It appears that cinema have been making hay while the sun didn’t shine. Most British newspapers and websites seem to agree that it is primarily the weather rather than the quality of the films on offer, that made 2007 a strong box office summer. Take this article from The Guardian (‘Wet summer boosts UK film industry‘) which notes that:
The British cinema industry is celebrating its best summer in 40 years, partly thanks to the wet weather.
Figures released this morning by the Film Distributors’ Association, the trade body for the industry, showed that there were 50.8m cinema visits during June, July and August.
This is over 25% more than in a typical summer, and even beat records set in the 1980s when the arrival of multiplex cinemas gave the sector a boost.
Examples of other headlines are ‘Soggy summer boosts UK box office‘ (BBC News) and Wet summer made cinema top destination (Channel 4 News) and ‘Summer cinema gets boost from rain‘ (Digital Spy).

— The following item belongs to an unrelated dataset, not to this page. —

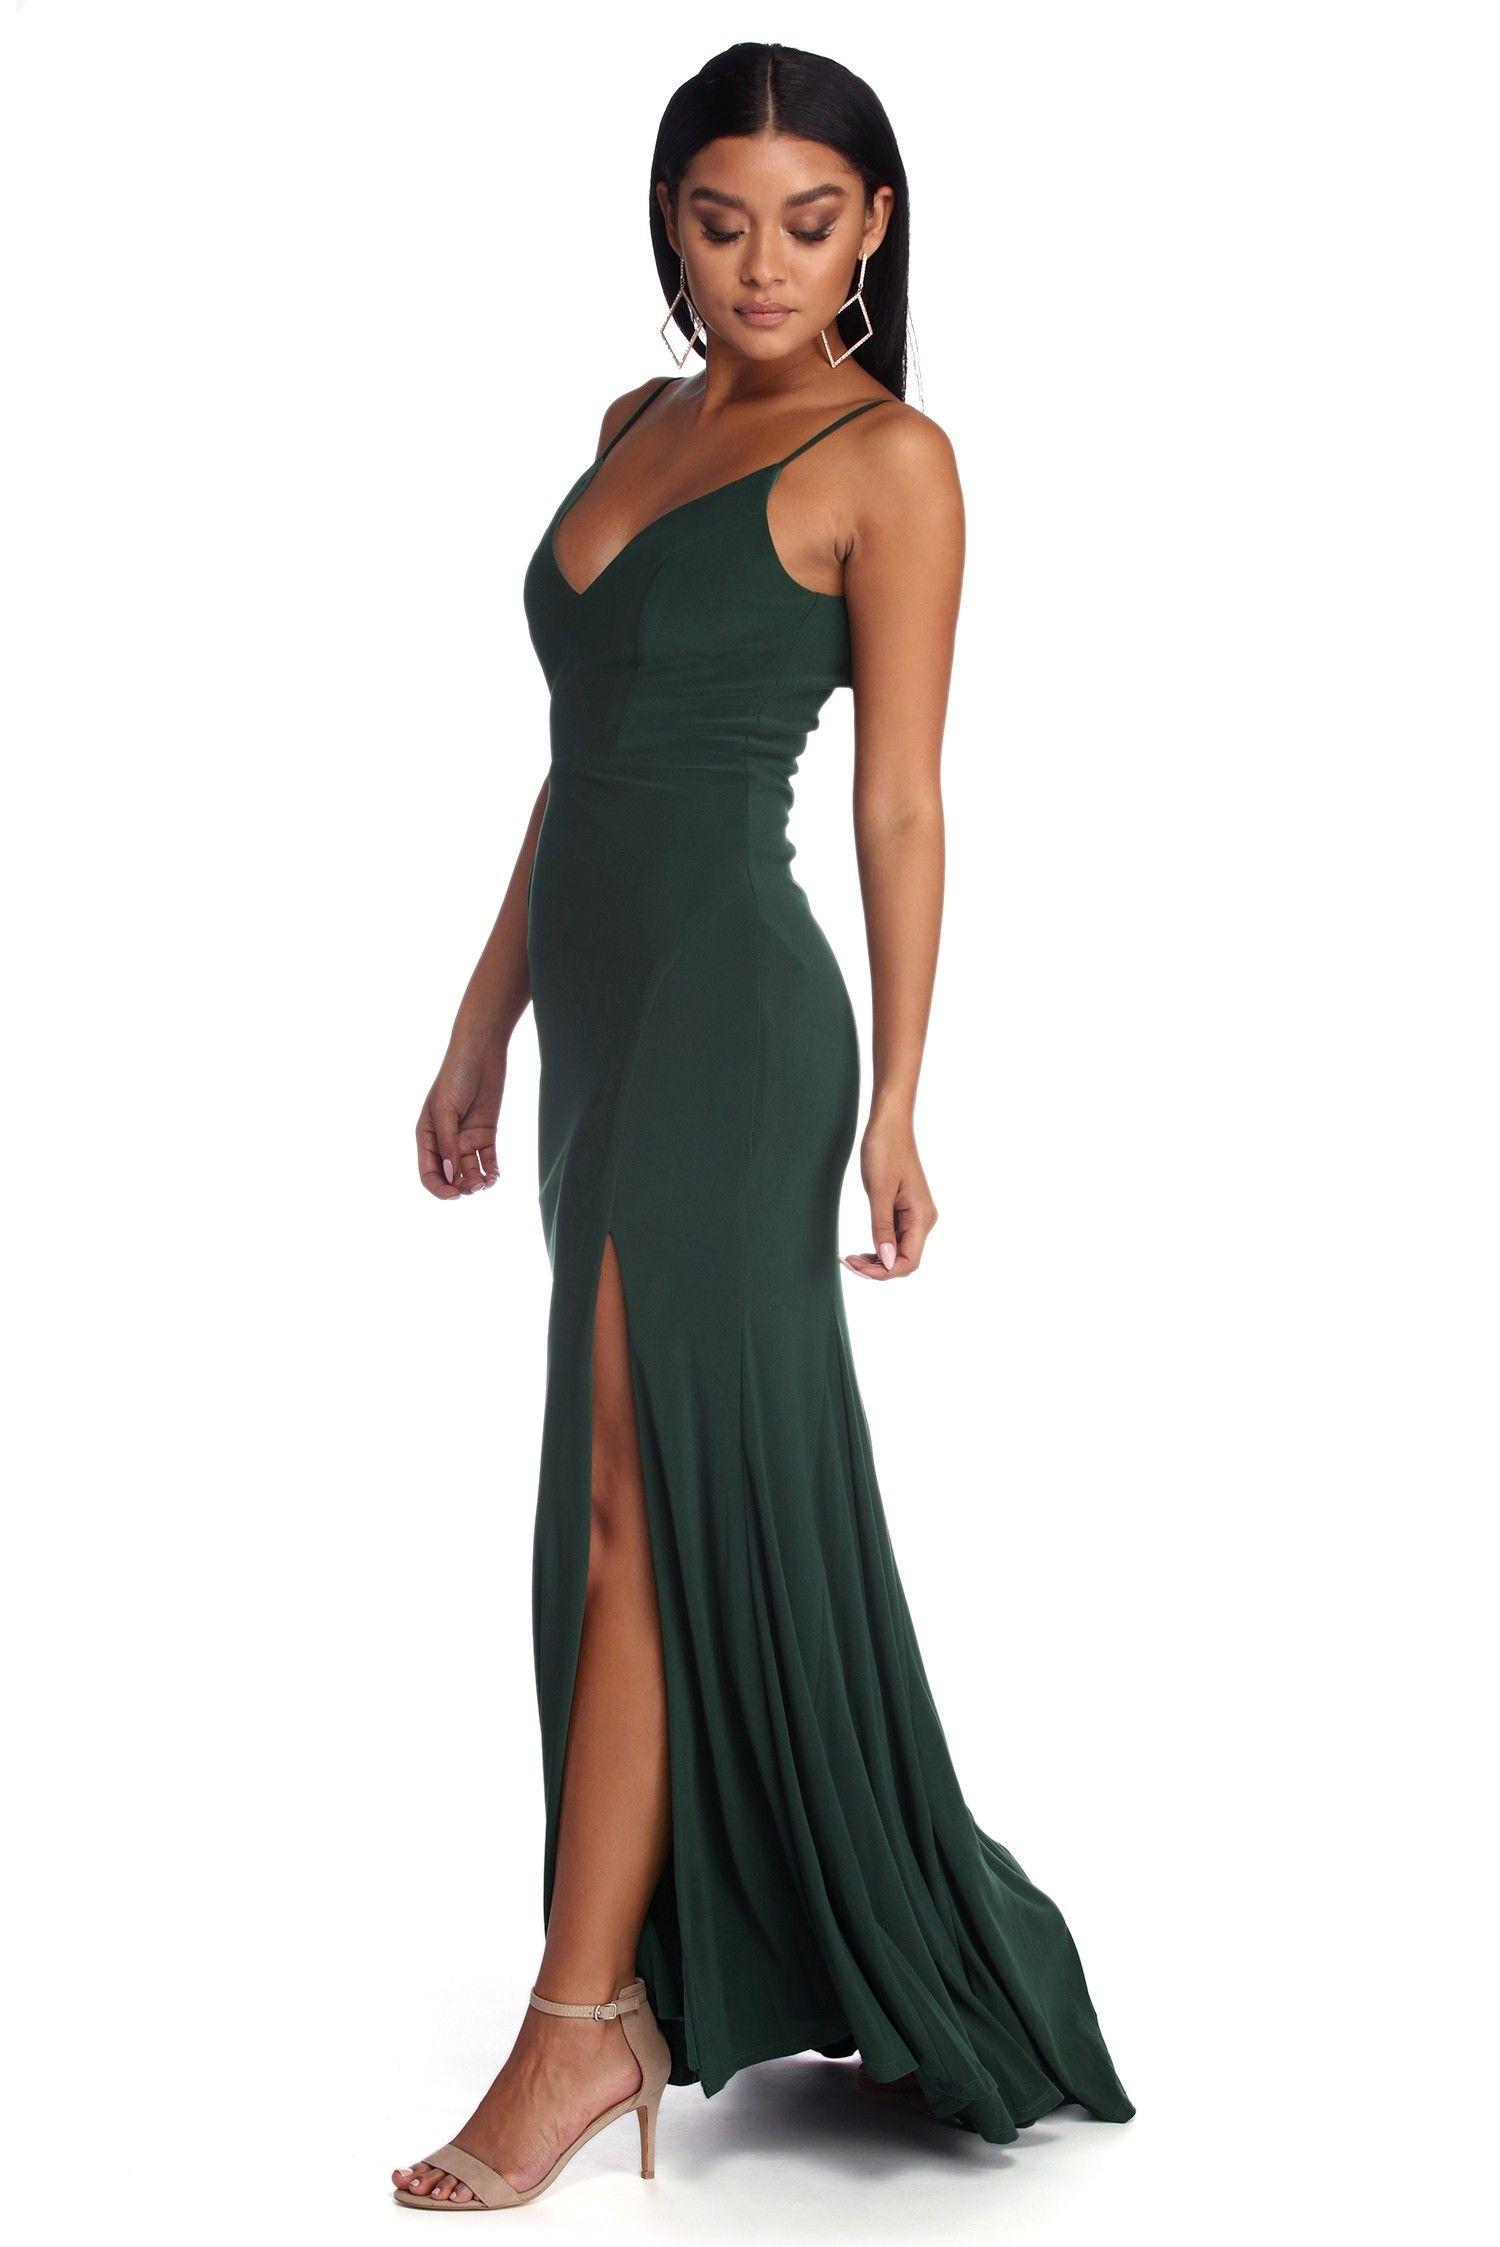 aa5c38749a2e Addie Formal High Slit Dress | prom dresses | High slit dress, Slit ...

The impulse is to start polemicizing that ‘the death of cinema at the hands of DVD/YouTube/games/etc is greatly exaggerated’. Just don’t expect anyone to point out that the threat from on-line piracy is obviously also exaggerated, or why else would Brits splash their way to the cinemas instead of staying home in front of their warm PCs. It is worth adding that there was also no Olympics of World Cup to steal viewers away.
However, if these leads to complacency or anything more than modest celebrating then British cinemas are in trouble. Taking comfort from poor weather and people’s willingness from sitting through underwhelming threequels (‘Bourne Ultimatum‘ excepted) does not a stable business future make. Smart cinemas use the extra money to expand beyond their core business (blockbusters, concessions and advertising). One major UK chain’s CEO told me that he no longer sends his staff to cinema trade shows like Cinema Expo. ‘The new idea are in gambling, nightclub and bar conventions,’ he said. While films will remain the bread and butter of the cinema business, don’t count on lashings of rains to make people seek refuge in their local multiplex. (Rain picture courtesy of Ahmed Rabea).